Sweet Coconut Balls
Sweet Coconut Balls are soft, fragrant cookies made with shredded coconut, egg whites, and a hint of milk — the perfect way to use up leftover egg whites after baking other treats. These little coconut bites are slightly crisp on the outside and chewy on the inside, filled with rich coconut flavor in every bite.In Taiwan, they’re a nostalgic homemade dessert often served with tea. But their simple ingredients and universal appeal make them just as perfect for Western kitchens — especially if you love coconut.Whether you're looking to reduce kitchen waste or whip up a quick and comforting dessert, these coconut balls are easy to make and hard to resist.
Servings 12 balls
Prep Time 10 minutes mins
Cook Time 20 minutes mins
Resting Time 0 minutes mins
Total Time 30 minutes mins
Equipment
- Hand Mixer
- Toaster Oven
Ingredients
- 320 g shredded coconut
- 150 g egg white
- 15 g milk powder
- A dash of salt
- 130 g sugar
Instructions
- Add egg white in a mixing bowl and beat with a hand mixer until frothy.

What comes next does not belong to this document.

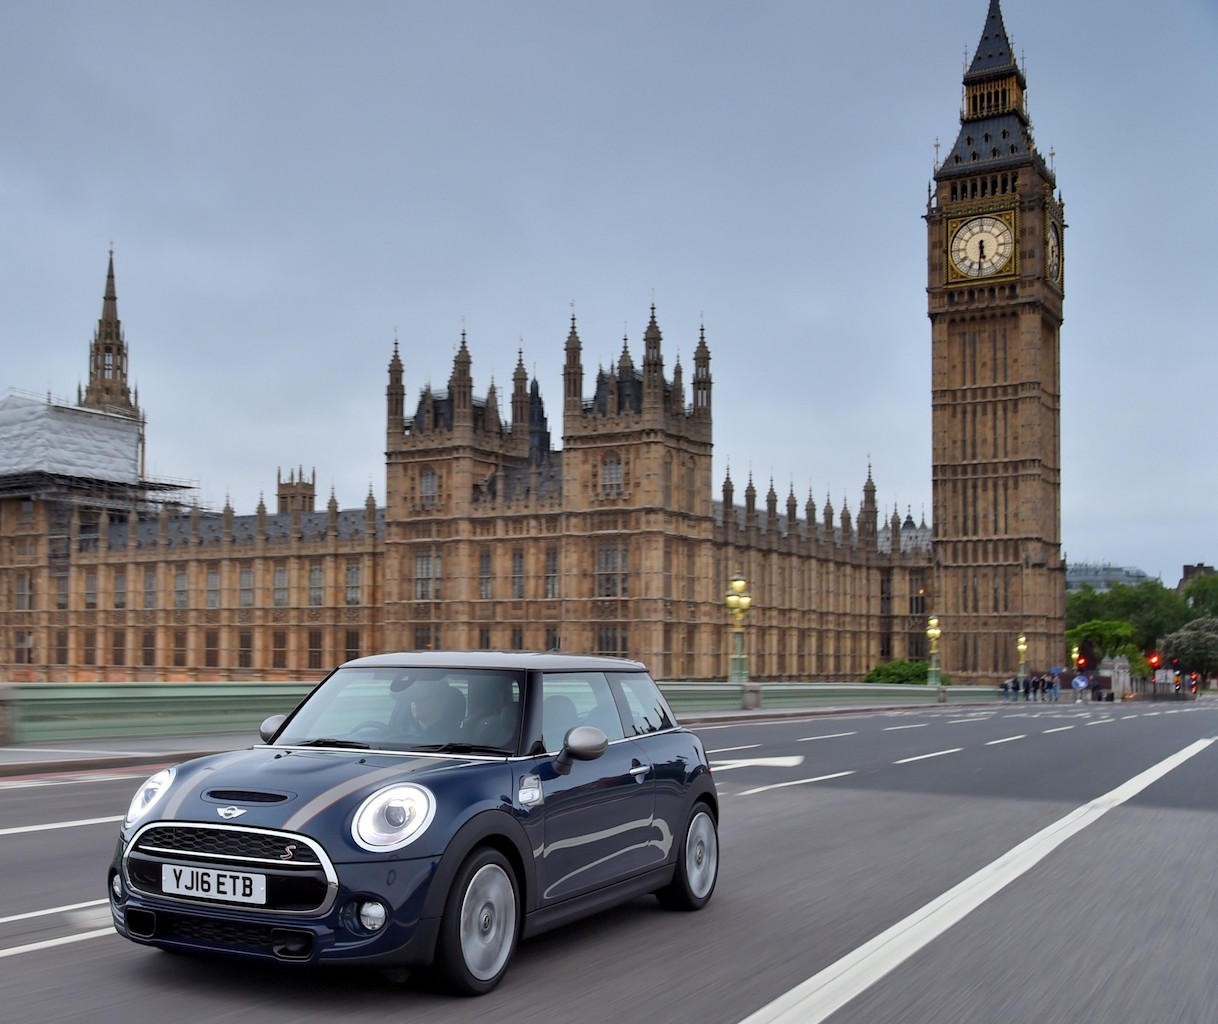 mini-cooper-s-seven-3-door-hatch-a-british-iconic-model-london-view-copy

- Add sugar in batch and continue whisk until stiff and shiny.
- Add salt, milk powder, and shredded coconut in the mixing bowl and use a spatula to whisk until mix well.
- Preheat the oven 340°F/170°C.
- Roll the mixture into a small ball and line on the prepared baking sheet.
- Bake the coconut balls in the preheated oven 340°F (170°C) for 15~20 min, remove from oven and place aside to cool.
- Service the Sweet Coconut Balls. Finish and enjoy
Course: Dessert
Cuisine: Taiwanese
Keyword: egg white dessert, traditional treat, easy coconut recipe
Serving & Storage Tips
Cool completely before storing. Keep in an airtight container for up to 3 days. Can be lightly toasted in a toaster oven to revive texture.